Reputation: 297
I am learning data.table
using examples and I am stuck-up with my own scenario.
I am using cars
dataset and converted to a data.table
for trying my commands.
library(data.table)
> cars.dt=data.table(cars)
> cars.dt[1:5]
speed dist
1: 4 2
2: 4 10
3: 7 4
4: 7 22
5: 8 16
.
.
I wanted to calculate the summary statistics for each group of speed
and store it in different columns but the values are stored in multiple rows.
e.g
> cars.dt[, summary(dist), by="speed"]
speed V1
1: 4 2
2: 4 4
3: 4 6
4: 4 6
5: 4 8
---
110: 25 85
111: 25 85
112: 25 85
113: 25 85
114: 25 85
I was expecting the below output and I am unable to achieve it.
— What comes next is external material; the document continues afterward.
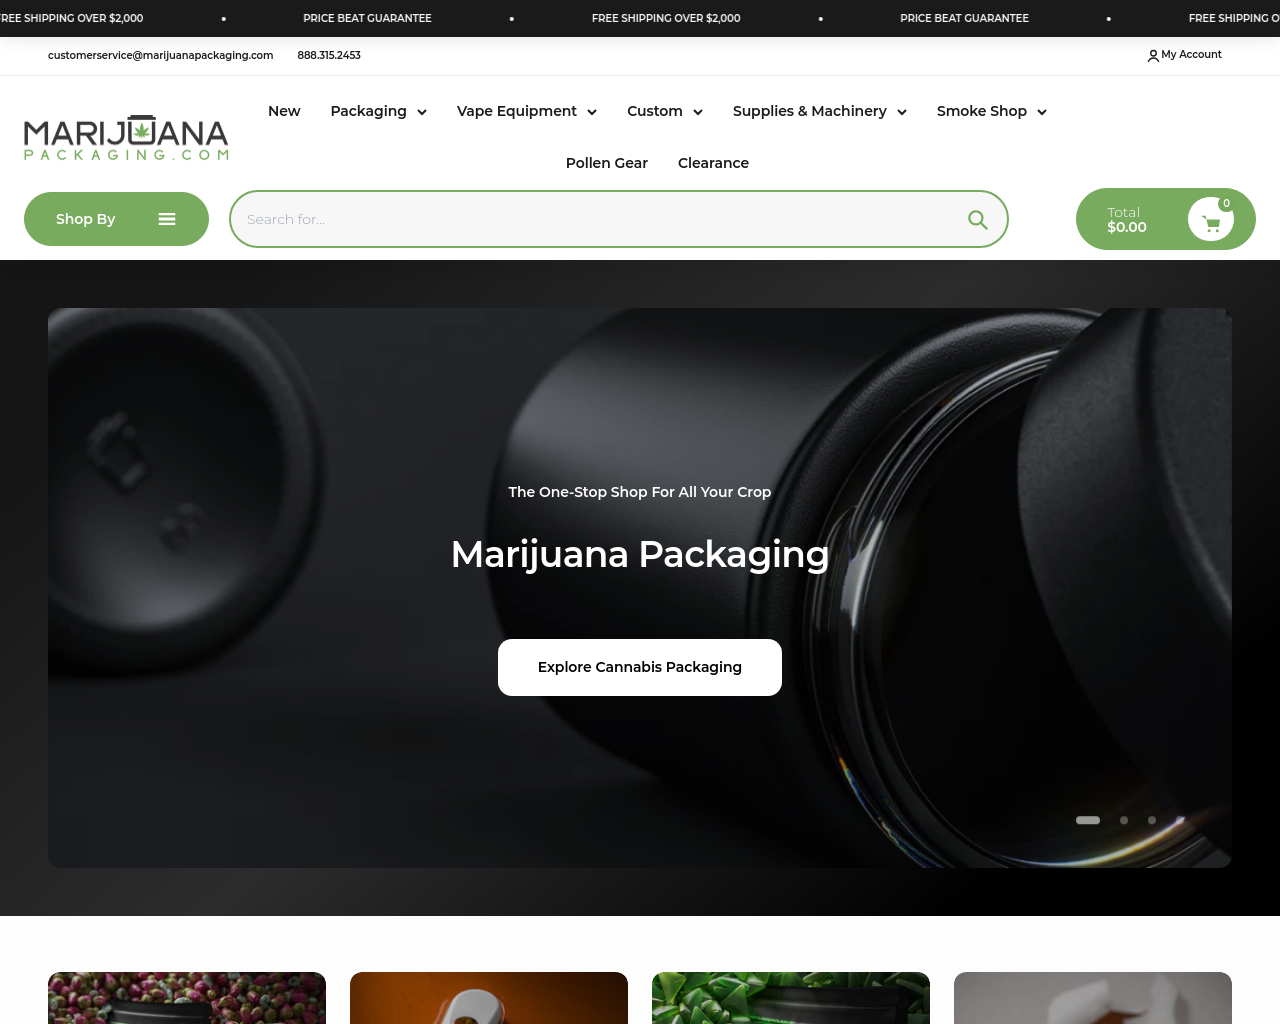 marijuanapackaging.com

speed Min. 1st Qu. Median Mean 3rd Qu. Max.
1: 4 2 4 6 6 8 10
2: 7 4.0 8.5 13.0 13.0 17.5 22.0
3: 8 16 16 16 16 16 16
4: 9 10 10 10 10 10 10
5: 10 18 22 26 26 30 34
6: 11 17.00 19.75 22.50 22.50 25.25 28.00
7: 12 14.0 18.5 22.0 21.5 25.0 28.0
8: 13 26 32 34 35 37 46
9: 14 26.0 33.5 48.0 50.5 65.0 80.0
10: 15 20.00 23.00 26.00 33.33 40.00 54.00
11: 16 32 34 36 36 38 40
12: 17 32.00 36.00 40.00 40.67 45.00 50.00
13: 18 42.0 52.5 66.0 64.5 78.0 84.0
14: 19 36 41 46 50 57 68
15: 20 32.0 48.0 52.0 50.4 56.0 64.0
16: 22 66 66 66 66 66 66
17: 23 54 54 54 54 54 54
18: 24 70.00 86.50 92.50 93.75 99.75 120.00
19: 25 85 85 85 85 85 85
I tried the below command but the output was not in a data.table
> cars.dt[, print(summary(dist)), by="speed"]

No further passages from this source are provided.